Energy, Currency and Deglobalization Warning Signs – Bitcoin Magazine
Below is an excerpt from a recent issue of Bitcoin Magazine Pro, Bitcoin Magazine premium market’s newsletter. To be among the first to receive this insight and other market analysis on the bitcoin chain straight to your inbox, Subscribe now.
This Bitcoin Magazine Pro article is the first in a two-part series on the changing world order, its impact on the global economy and the future of central bank monetary policy. To conclude, we will elaborate on how bitcoin can be linked to the world to which we are transitioning.
These ideas piggyback on the ideas and writings of Zoltan Pozsar and Luke Gromen.
The part:
The world is at war. Although this statement may at first sound hyperbolic, it has become more and more obvious that the world is in the midst of an economic war that is in danger of becoming “hot”.
Before diving into the complex elements of global geopolitics, let’s first consider why as market participants it is worth our time to analyze. The most important thing to understand as an investor (more generally a global citizen at large) is that the previous three decades were a total anomaly in the span of global history.
After the collapse of the Soviet Union, trade mobilized on a global scale unlike anything before, as the United States played peacemaker patrolling trade routes with its navy. This contributed to what many now refer to as The Great Moderation.
One can broadly think of The Great Moderation as a synonym for globalization on a scale never seen before. In particular, the disinflationary environment of the previous three decades allowed real growth to persist and US financial assets to go parabolic on the back of low interest rates and seemingly endless quantitative easing programs after the Great Financial Crisis.
Treasury bonds, which are simply claims on future dollars with an attached interest rate, allowed nations to store their economic surplus. This system benefited sovereign stakeholders as long as dollars, and later treasuries, maintained purchasing power in real terms.
After the invasion of Ukraine in February, the G7 countries announced the freezing of the Russian central bank’s assets. Remember that national debt is nothing more than a promise of future payment by another nation; a responsibility for your counterparty.

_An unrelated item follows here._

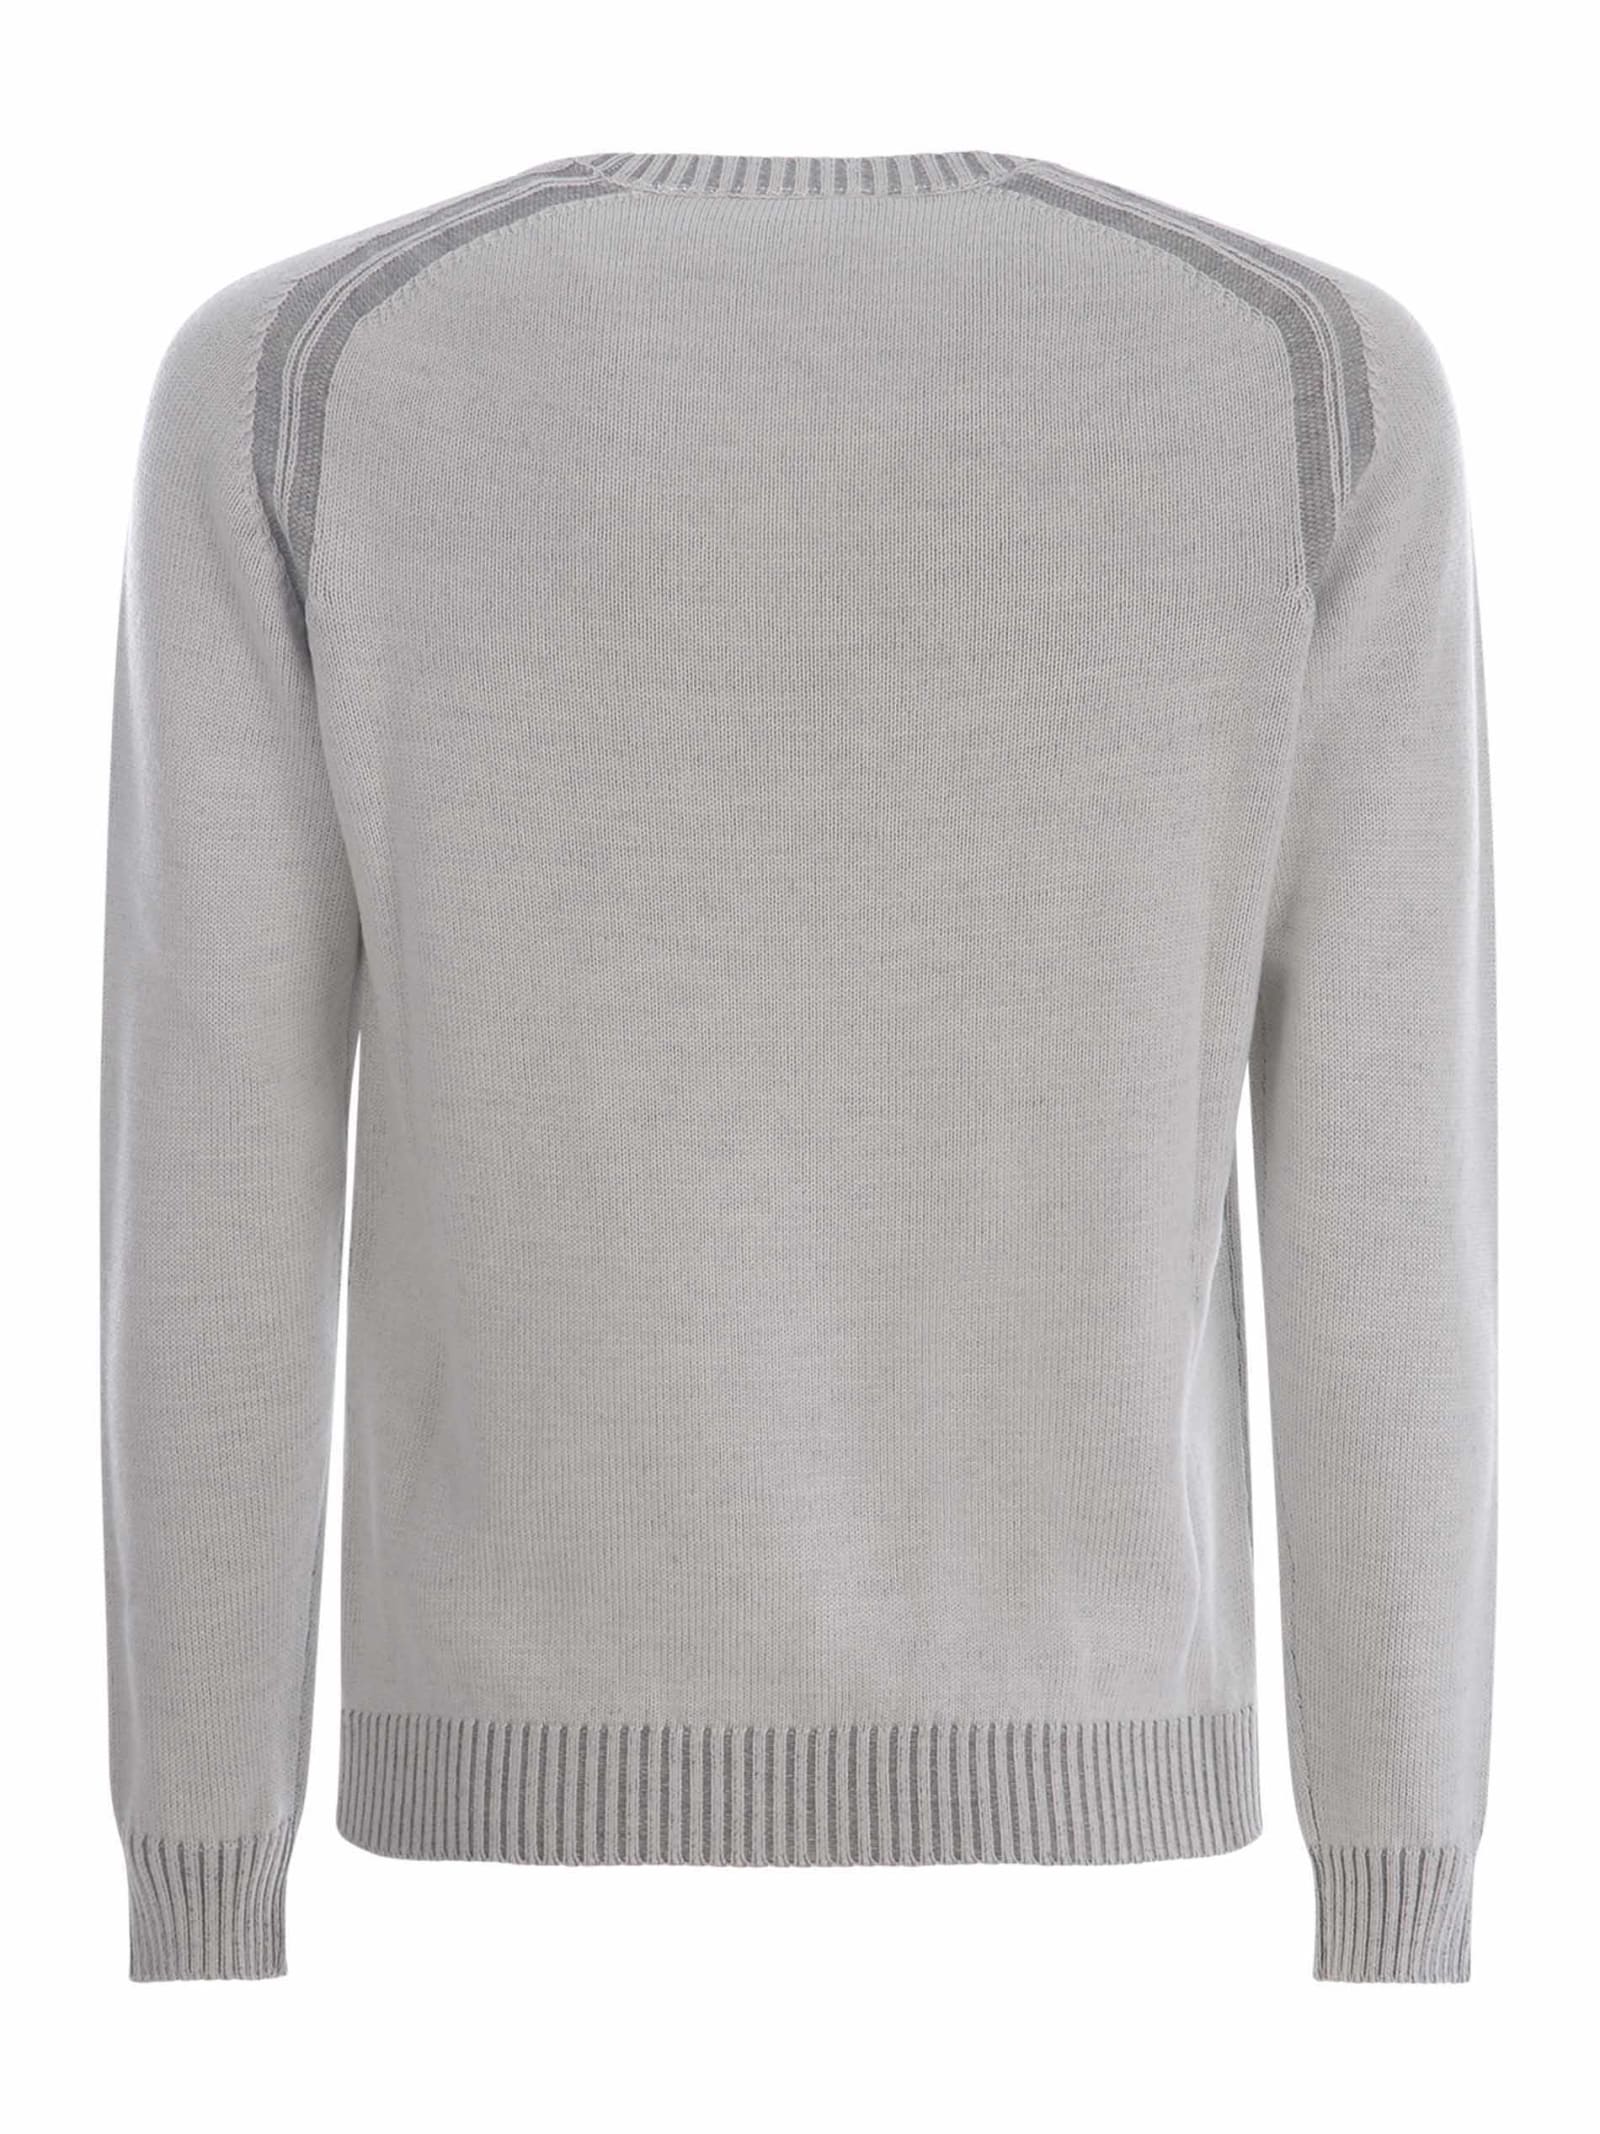 Shop Jeordie's Sweater Jeordies In Merino Wool In Grigio
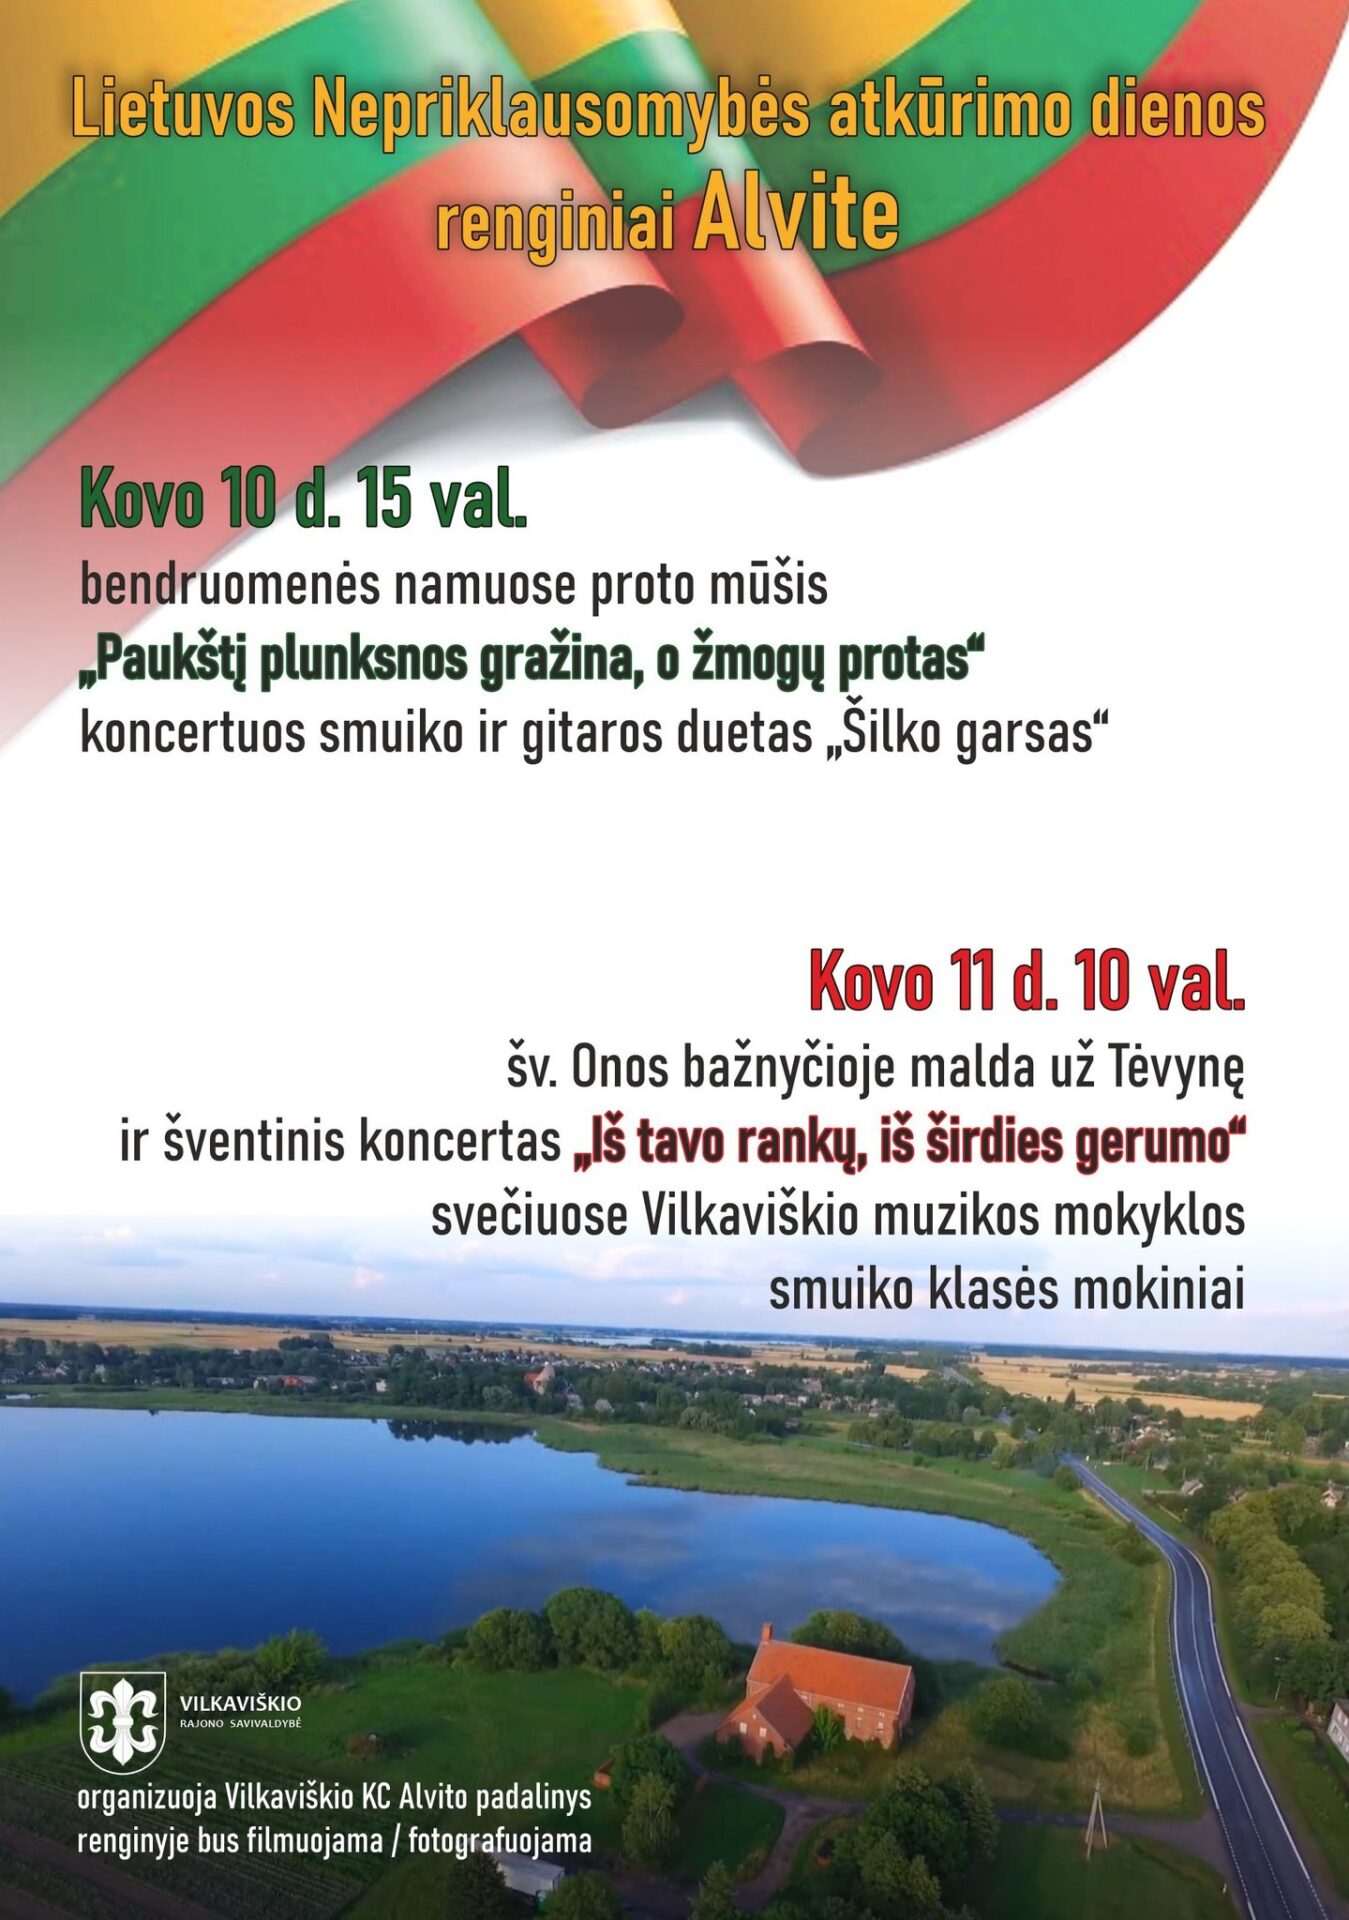 Lietuvos Nepriklausomybės atkūrimo diena Alvite

With this move, a clear precedent was created. In our monthly report for February we said the following.
“The move essentially told all sovereign nations, especially China, ‘Your foreign exchange reserves can’t be yours if you make a wrong move’.”
While speculating on the potential for hot war to break out is no exciting task, it is clear to those paying attention that geopolitical tensions continue to heat up, and history tells us that conflicts are rarely anything but inflationary. Not only because of the protectionist trade policies that nations take on, but also because of the imbalance between supply and demand that massive industrialization against war requires.
Knock-on effects
The next piece, which will serve as part two of this primer, will delve into the fallout from the energy crisis in Europe, rising geopolitical tensions globally, gurgling global debt markets, and the possible future role of bitcoin in a deglobalizing world.
The release will take place after Jerome Powell’s speech in Jackson Hole, where central bankers from around the world, academics, influential economic thinkers and policy makers will discuss and address “Reassessing Constraints on the Economy and Policy”.